Малышкин оторопел. Он впервые от Лукина услышал об этом.

— Не знал я этого, вот и жгла обида…

— Ты же был начальником штаба армии, мог стать начальником штаба фронта. Советская власть ценит грамотных и преданных людей. А ты продался, шкуру свою решил спасти. Обидели его… Можно обидеться на несправедливость, на отдельную личность, но как можно обидеться на Родину, на свой народ?! Как можно из-за личной обиды поднять руку на родной народ? Хотя бы о семье подумал.

— Семья, — вздохнул Малышкин. — Теперь, наверное, всех арестовали.

— Наверняка арестовали, — жестко сказал Лукин. — Ты же читал приказ двести семьдесят. Там ясно сказано, что семьи изменников Родины подлежат репрессиям. А ты изменник Родины, армию решил создать против Родины.

— А-а, — Малышкин махнул рукой. — Какая там армия! После того как вы, Понеделин, Карбышев, Снегов отказались командовать армией, мы решили привлечь на свою сторону отпрыска царской династии Романовых, бывшего великого князя Кирилла Владимировича.

— Того самого, которого еще до войны белая эмиграция короновала в российские императоры? — удивился Лукин.

— Его.

— Это что ж, немцы вас на это подтолкнули? — спросил Лукин.

— Наверное. Сам Власов вряд ли решился бы.

Малышкин рассказал, как происходил этот фарс.

Власовская делегация с большой помпой явилась в Париж, где в одном из отелей жил в то время великий князь Кирилл Владимирович. Все члены делегации щеголяли в новеньких мундирах. На рукавах трехцветные нашивки цветов царского русского флага и буквы «РОА». Перед отелем, в котором проживал «самодержец всея Руси», выстроился почетный караул. К князю отправились представители с просьбой дать аудиенцию командованию Русской освободительной армии. Но великий князь, узнав, зачем пожаловала к нему власовская делегация, выслал на улицу к ней своего камердинера, который передал «собственные его величества слова» о том, что с изменниками России никаких дел он иметь не желает…

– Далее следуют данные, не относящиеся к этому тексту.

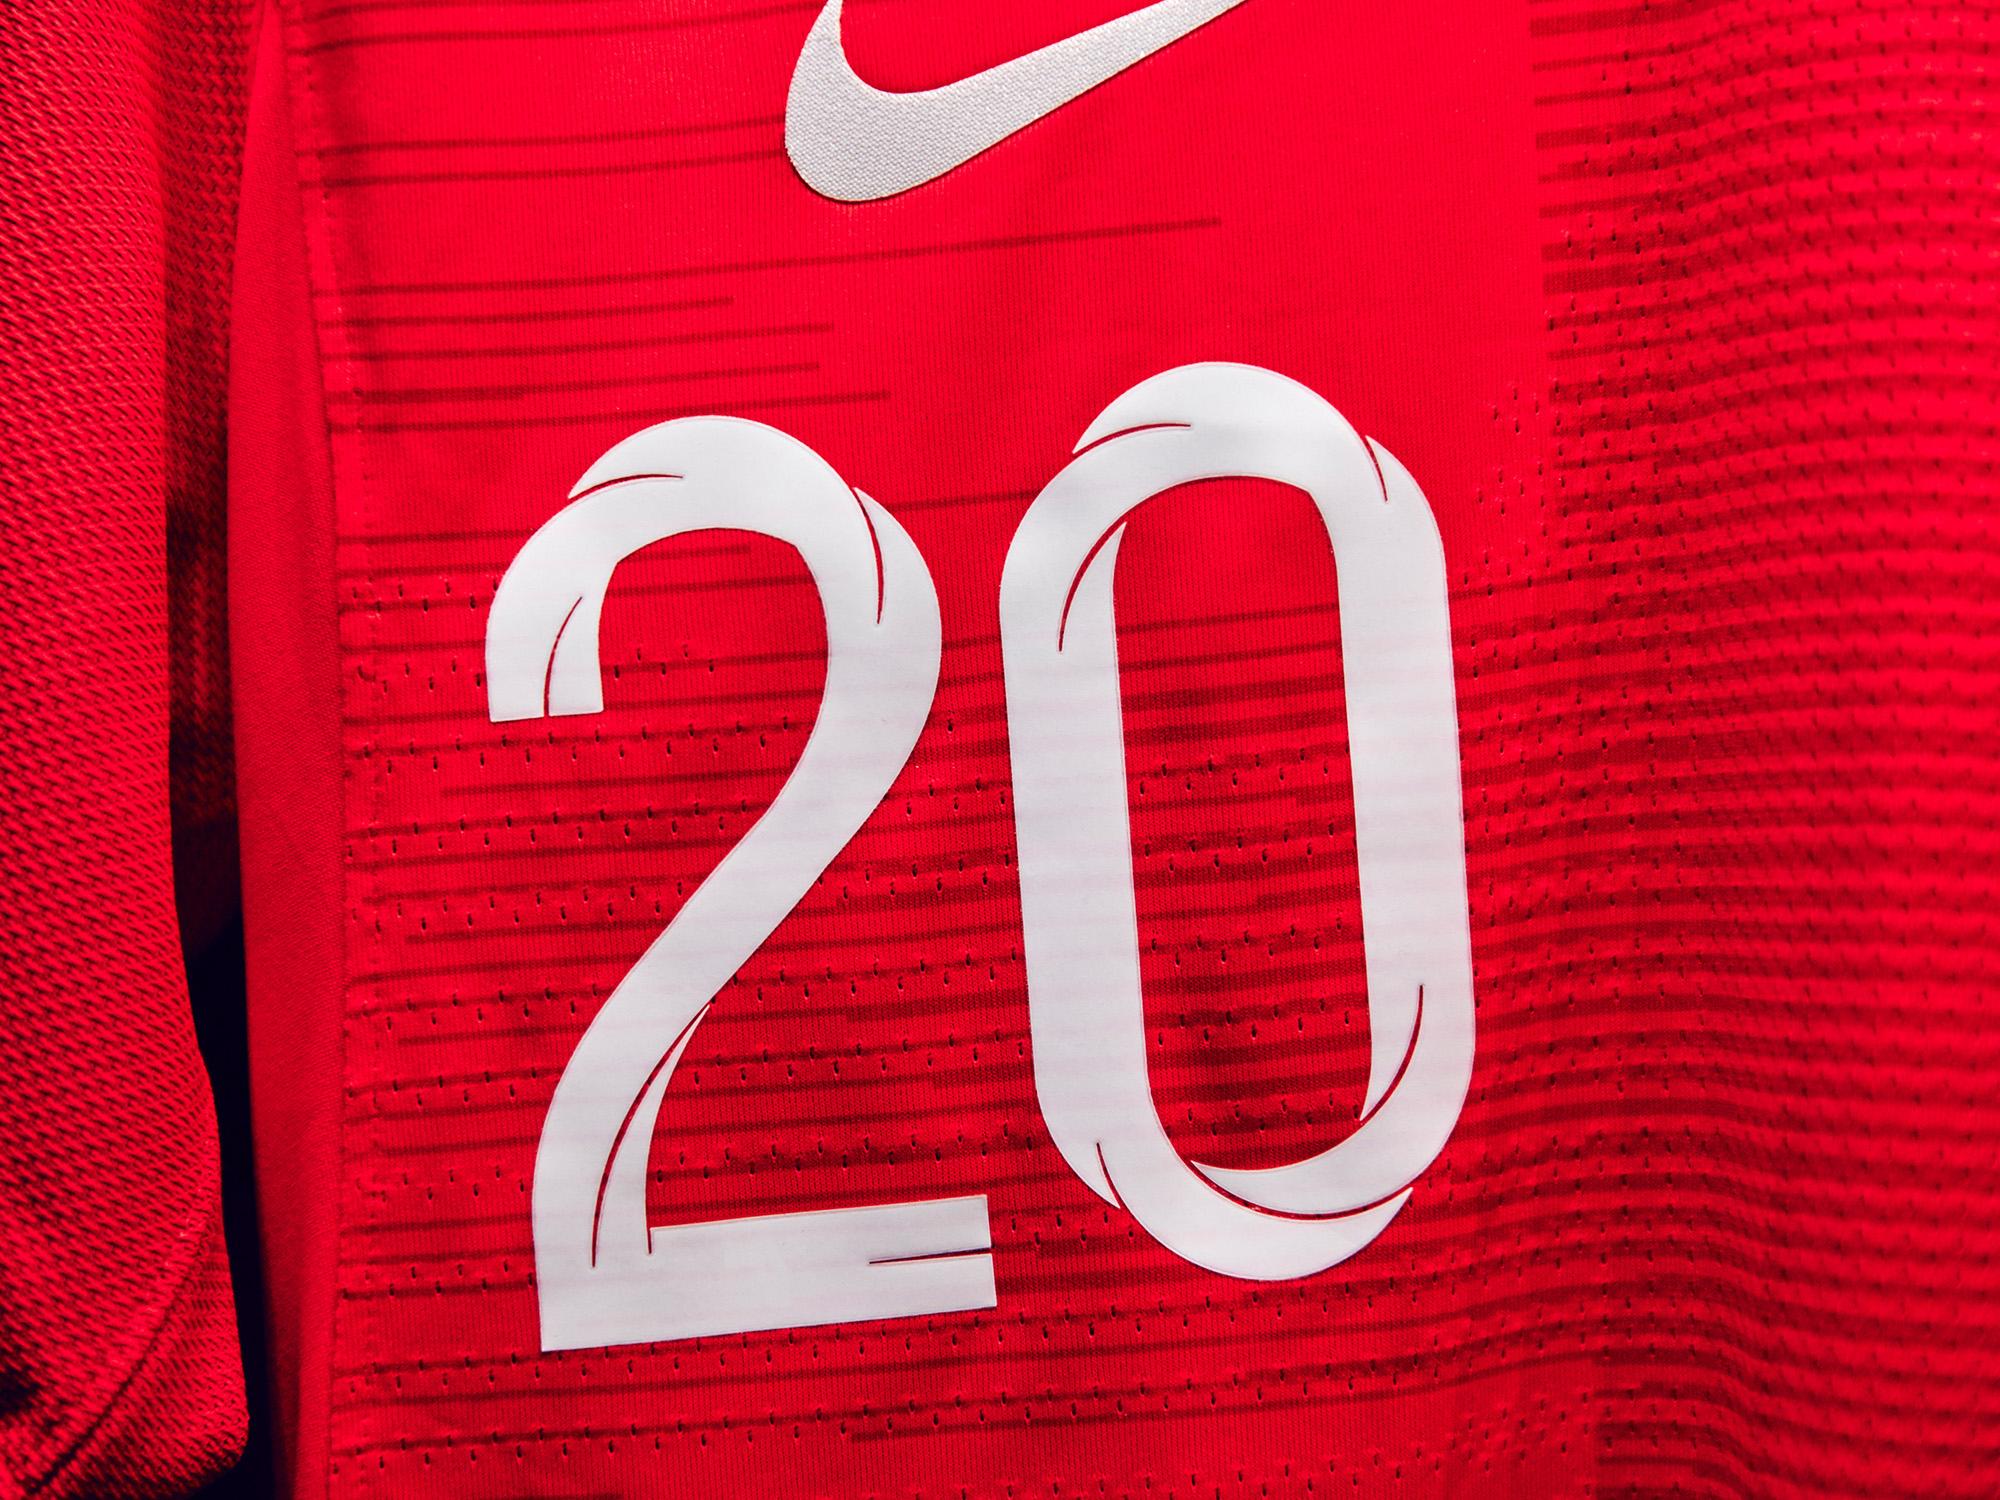 Nike-News-Football-Soccer-England-National-Team-Kit-13_77386

Выслушав все это, генерал Лукин впервые за все время плена громко, от души рассмеялся:

— Ну и рассмешил ты меня, Малышкин! Плохи же ваши дела, если даже царский отпрыск, которого вышвырнули из России, не желает с вами разговаривать!

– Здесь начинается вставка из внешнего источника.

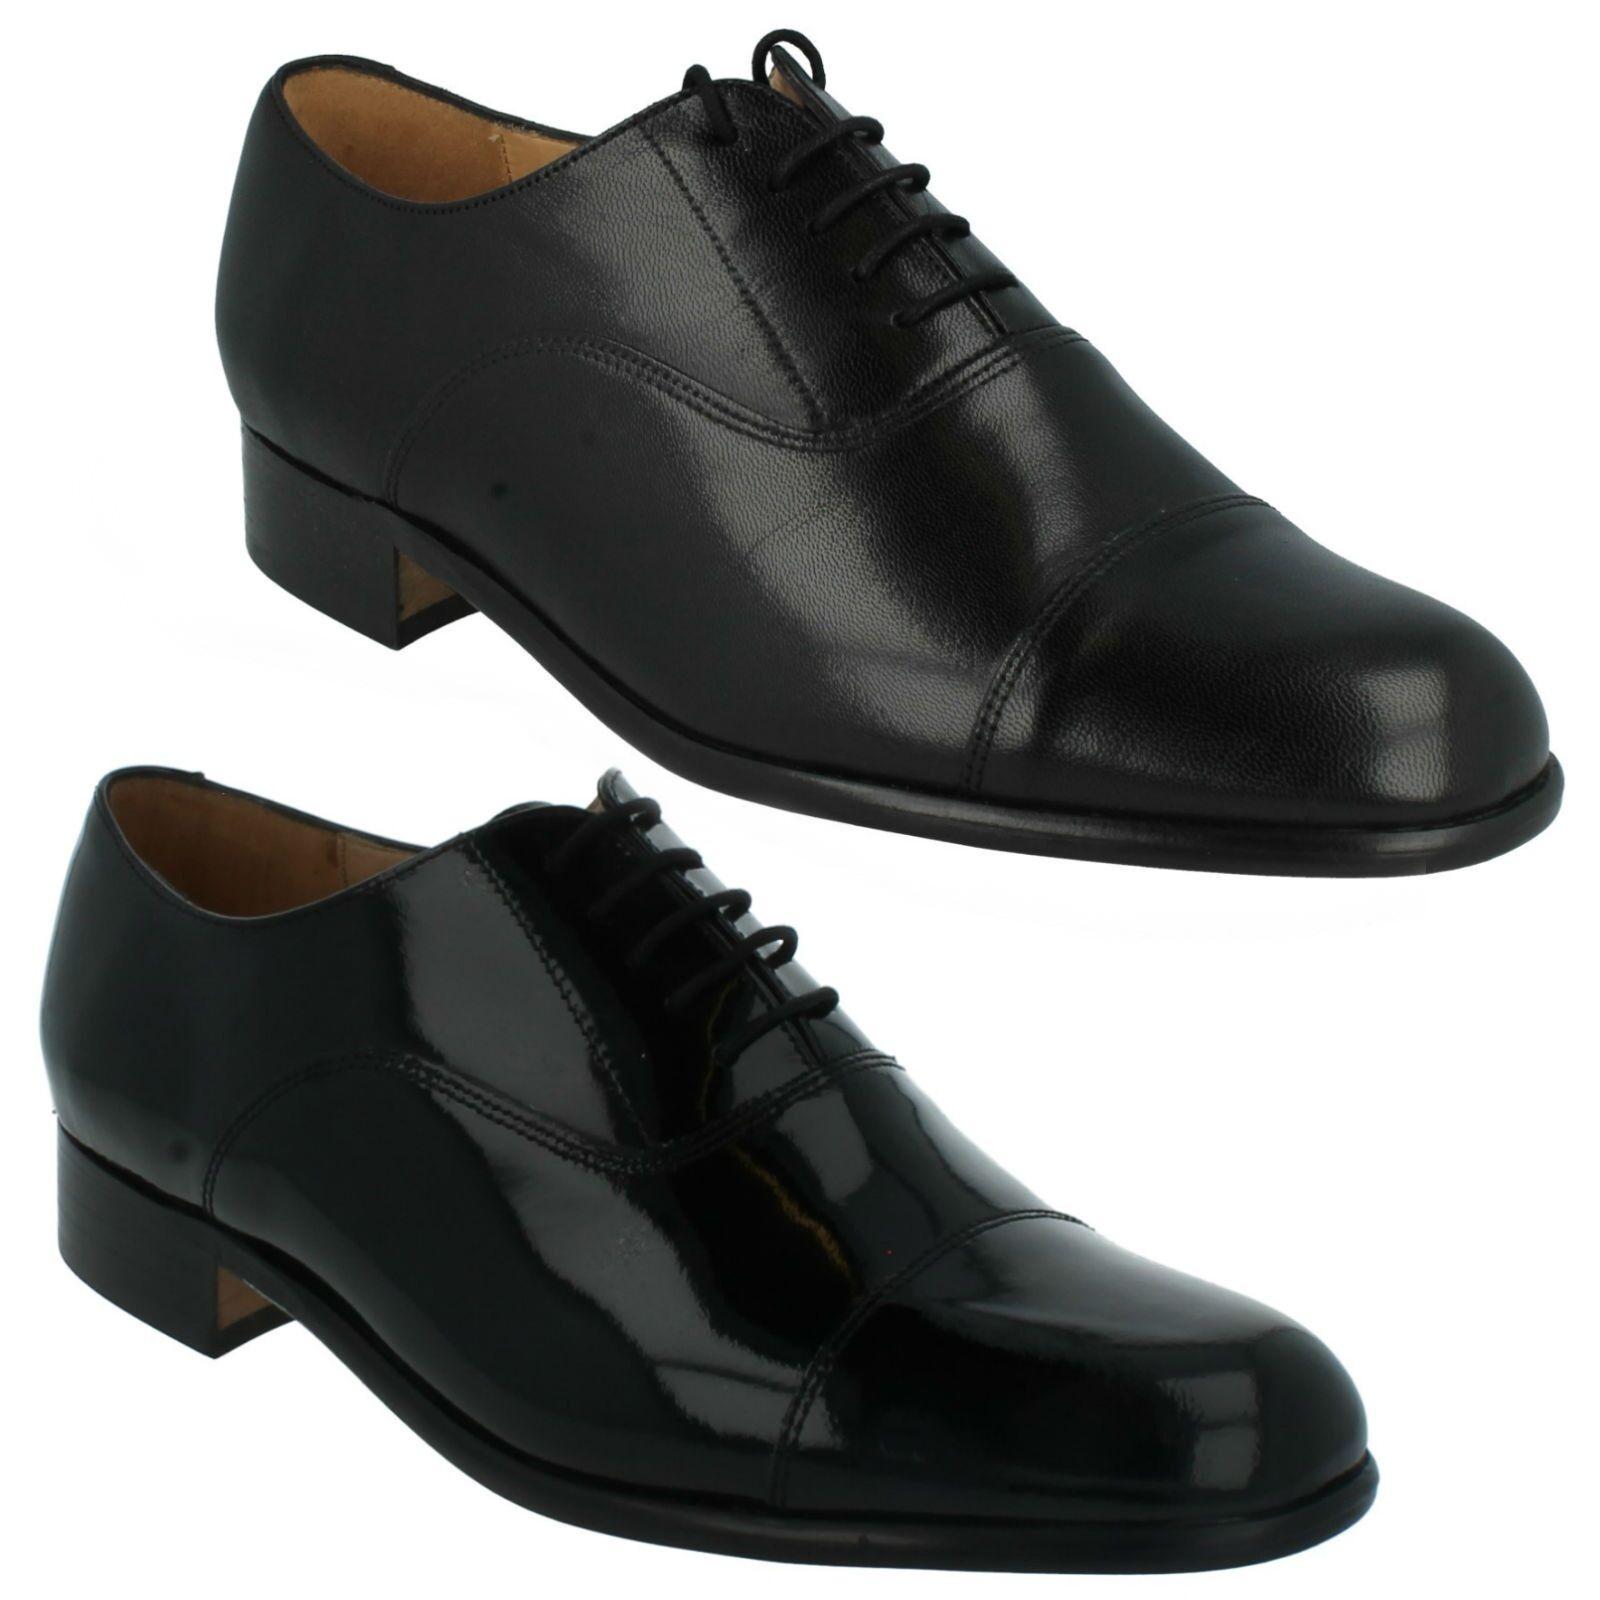 Mens Grenson Smart Formal Lace Up Work shoes Paddington Black Leather Patent

— Вот я и приехал к вам душу отвести.

— Ничем тебе помочь не могу.

— Эх, Михаил Федорович! — горько вздохнул Малышкин. — Завидую я вам, хоть и ноги у вас нет и искалечен весь… Ничем себя не скомпрометировали. Посоветуйте, что же мне теперь делать?

— Беги и явись с повинной к Советской власти.

— Следят, не сумею уйти. У дома, где мы живем в Берлине, всегда стоит караул. Вот и сюда приехал в сопровождении унтер-офицера и солдата.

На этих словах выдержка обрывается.